Here is a sketch of how I would explain it to my students:

Let's say $ A $ is the original matrix and $R $ the reduced echelon form. The reduction to reduced echelon form can be viewed as the application (multiplication) of a sequence of matrices to $ A $: $ D L_{n-1} \cdots L_0 A = R. $ The matrices $ L_i $ are called Gauss transforms and the matrix $ D $ is diagonal. Importantly, those matrices are square and invertable (nonsingular).
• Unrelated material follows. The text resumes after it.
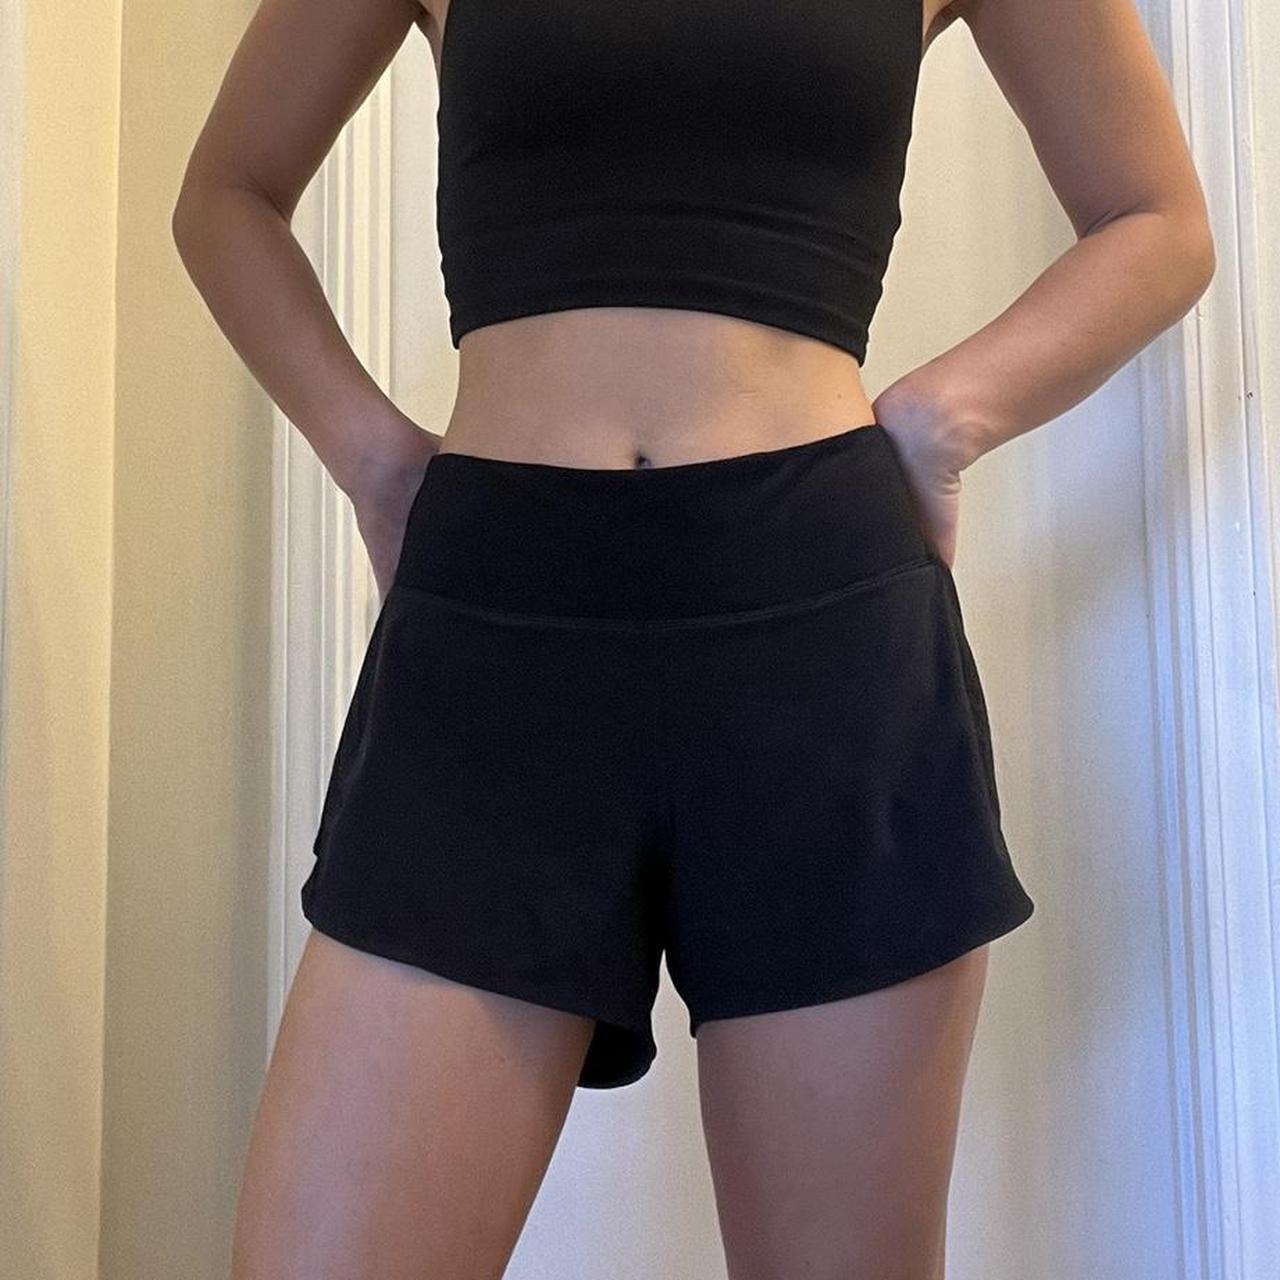 Lululemon Speed Up Low-Rise Lined Short 4. Love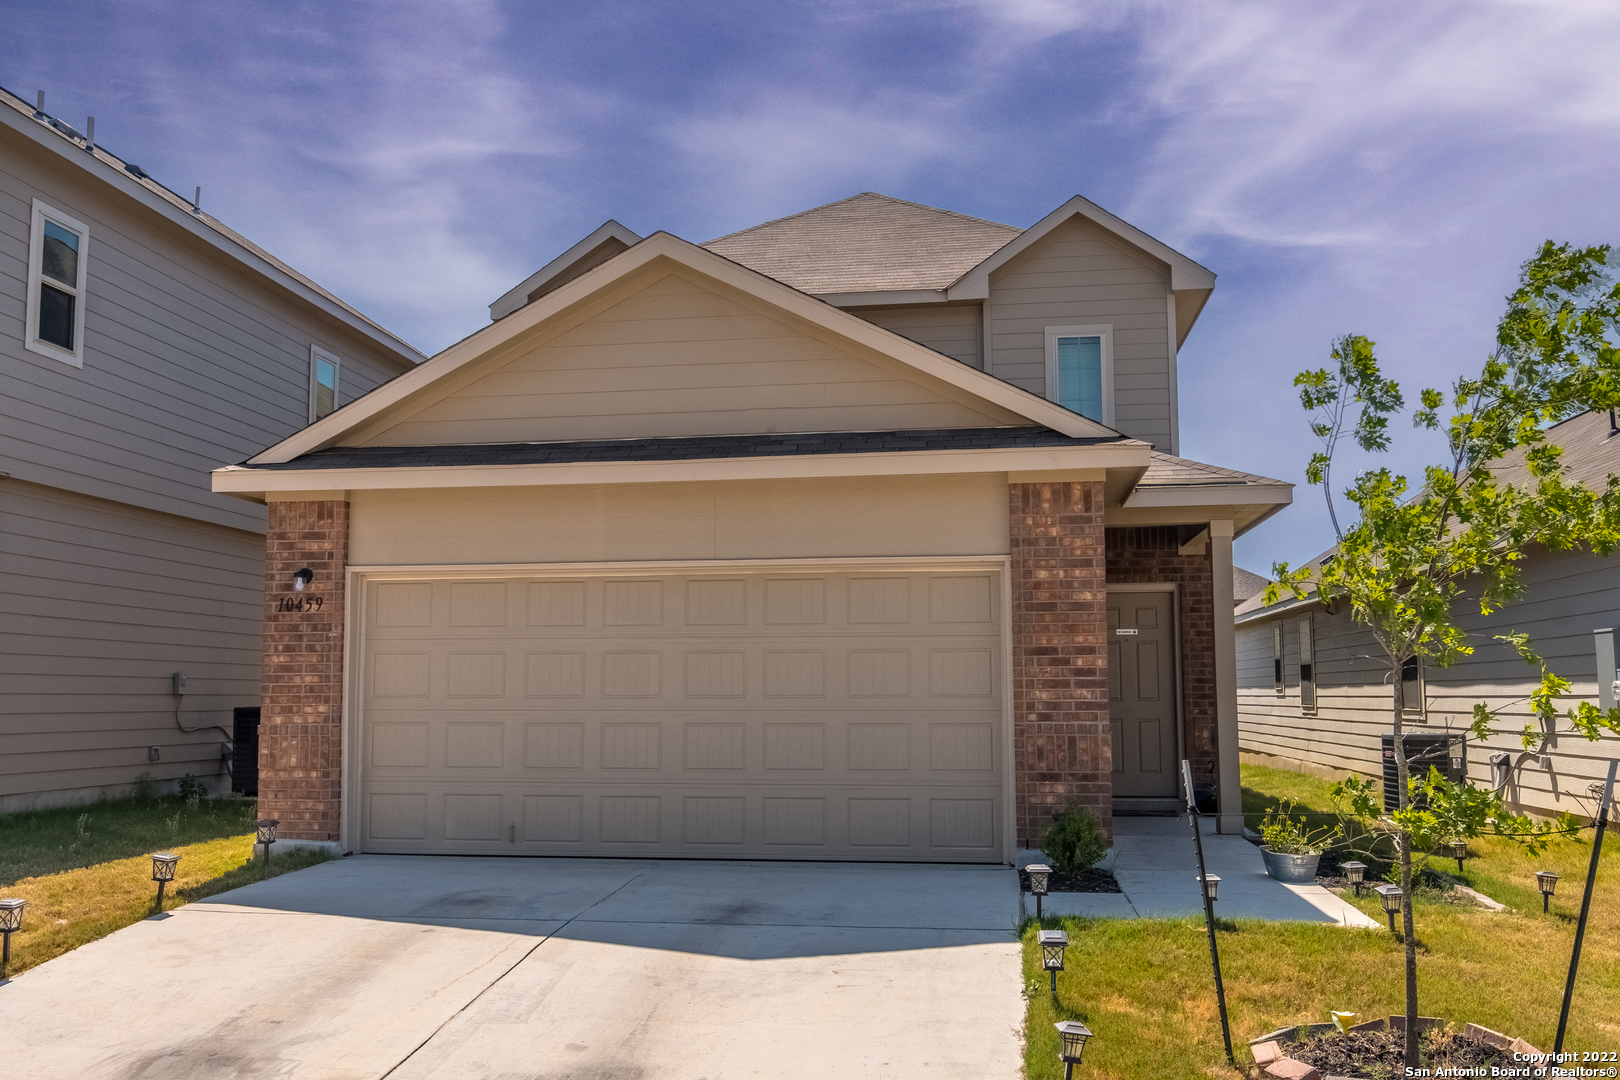 Beautiful move in Ready 1 year old home. Model floor plan with covered patio and loft area. No need to wait on construction move the family in now. Minutes from Brooks City Base food and shopping, just a quick drive to downtown San Antonio.

Next, let's take the linearly independent columns of $ R $ and create a matrix $ \widetilde R $ with those and let's take the corresponding columns of $ A $ and make a matrix $ \widetilde A $ with those. Then $ D L_{n-1} \cdots L_0 \widetilde A = \widetilde R $. Now, if the columns of $ \widetilde R $ are linearly independent, then we know that $ \widetilde R x = 0 $ implies that $ x = 0 $. Let's see what this tells us about $ \widetilde A $: Assume $ \widetilde A x = 0 $. Then $ \widetilde A x = L_0^{-1} \cdots L_{n-1}^{-1} D^{-1} \widetilde R x $ which implies that $ \widetilde R x = 0 $. But that means that $ x = 0 $. So, if columns in $ R $ are linearly independent, then the corresponding columns in $ A $ are linearly independent. The converse can be proven similarly.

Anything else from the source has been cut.